- Directed by: Anton Giulio Majano
- Written by: Alexandre Dumas (story); Roberto Gianviti; Fulvio Palmieri; Bruno Guillaume; Diego Fabbri; Paul Andréota; Anton Giulio Majano;
- Produced by: Leo Cevenini; Georges Cheyko; Vittorio Martino;
- Starring: Geoffrey Horne; Valérie Lagrange; Gérard Barray;
- Cinematography: Bitto Albertini
- Edited by: Georges Arnstam; Adriana Novelli;
- Music by: Angelo Francesco Lavagnino
- Production company: Flora Film
- Distributed by: Variety Distribution
- Release date: December 22, 1961;
- Running time: 85 minutes
- Countries: France; Italy;
- Language: Italian
- Box office: 1,464,409 admissions (France)

= The Corsican Brothers (1961 film) =

The Corsican Brothers (I fratelli Corsi) is a 1961 French-Italian historical action film directed by Anton Giulio Majano and starring Geoffrey Horne, Valérie Lagrange and Gérard Barray.
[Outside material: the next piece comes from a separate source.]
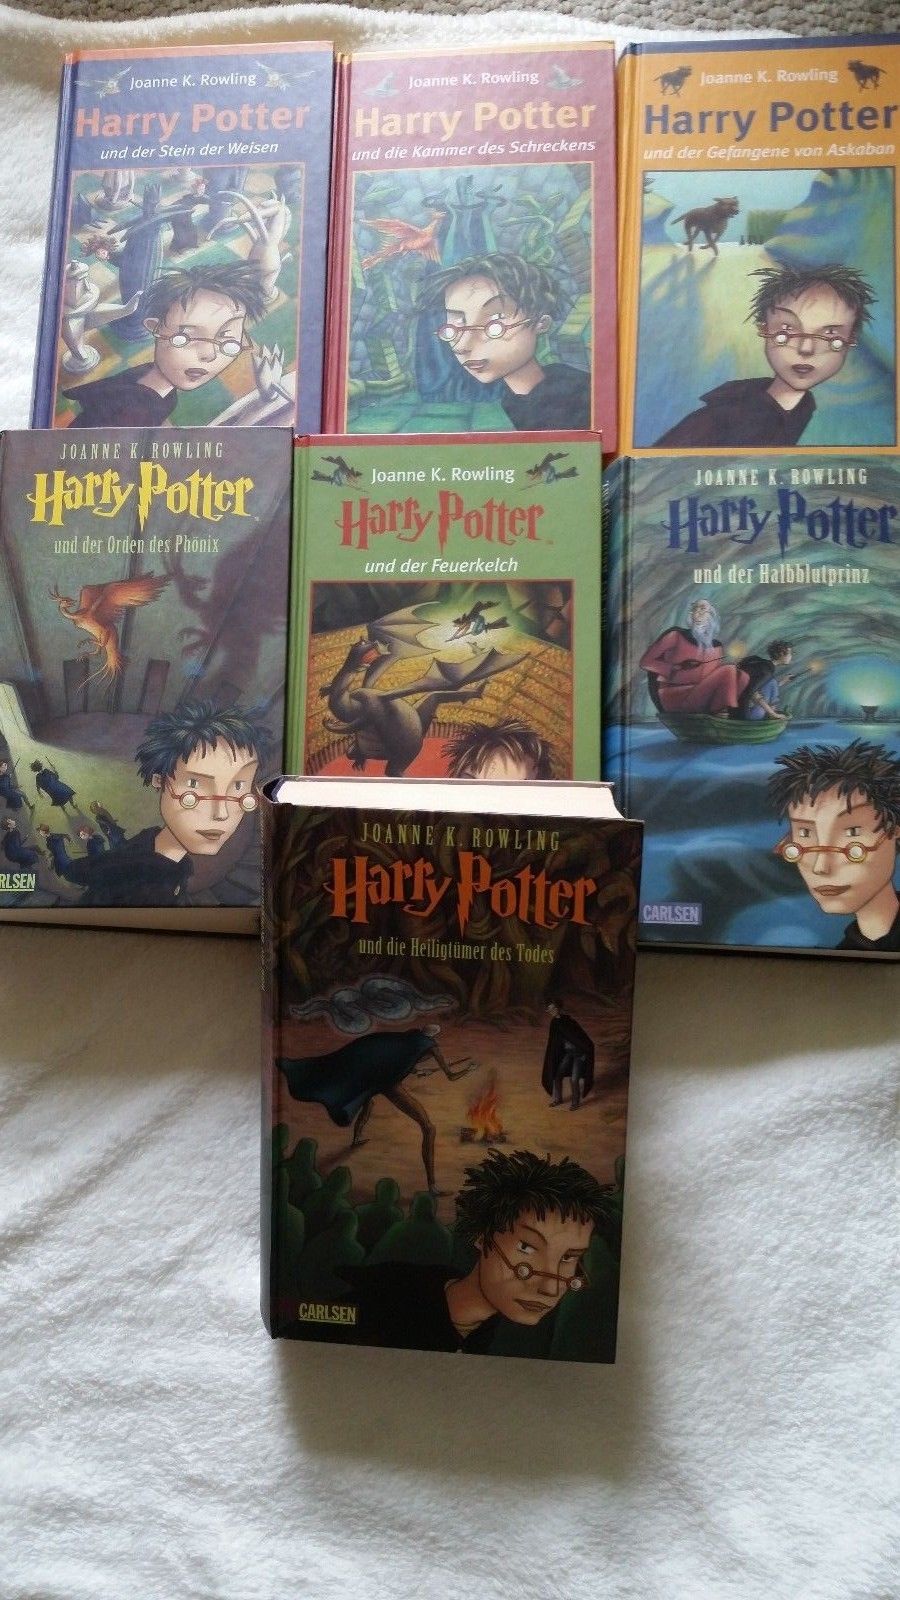 Harry Potter alle 7 Bände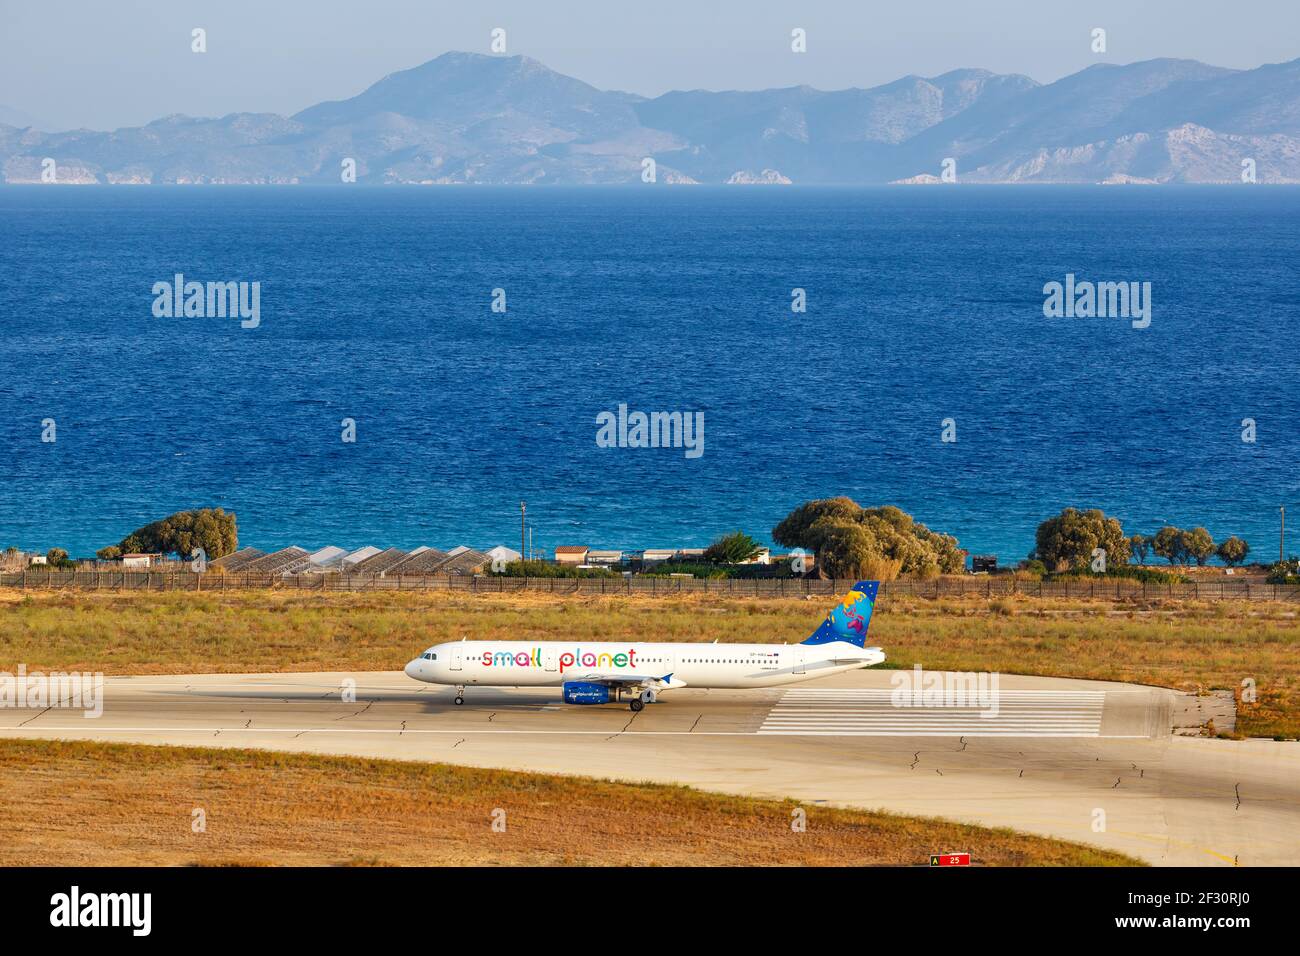 Rodi, Grecia - 14 settembre 2018: Un aereo Small Planet Airlines Polska Airbus A321 all'aeroporto di Rodi (RHO) in Grecia. Foto Stock

It is also known as Lions of Corsica. The film is an adaptation of the 1844 story The Corsican Brothers by Alexandre Dumas. The film was shot in Eastmancolor.

== Synopsis ==
The Franchi twins, when baptized, were separated when their family was murdered by his enemies, the Sagona. While one brother went "into the maquis" for revenge, the other, unaware of the family drama, became a doctor and struck up a friendship with a descendant of the Sagona. But blood ties and their love for the same woman will bring them together...

==Cast==
- Geoffrey Horne as Paolo Franchi / Leone Franchi
- Valérie Lagrange as Edith
- Gérard Barray as Giovanni Sagona
- Mario Feliciani as Dr. Dupont
- Emma Danieli as Gabrielle De Roux
- Jean Servais as Gerolamo Sagona
- Amedeo Nazzari as Orlandi
- Nerio Bernardi as Prof. Perrier
- Alberto Farnese as Gaspare
- Raoul Grassilli as Raul Sagona
- Franco Graziosi as Domenico
- Germano Longo as Claudio Franchi
- Sandro Moretti as Claudio
- Lucilla Morlacchi
- Paola Patrizi as Mariella
- Aldo Pini as Morny
- Laura Solari as Luisa Dupont
- Nando Tamberlani as Count Franchi
- Luigi Vannucchi as Luigi Sagona
- Lia Zoppelli as Aunt Mary
==Production==
It was one of several European films Geoffrey Horne starred in following his success in Bridge on the River Kwai.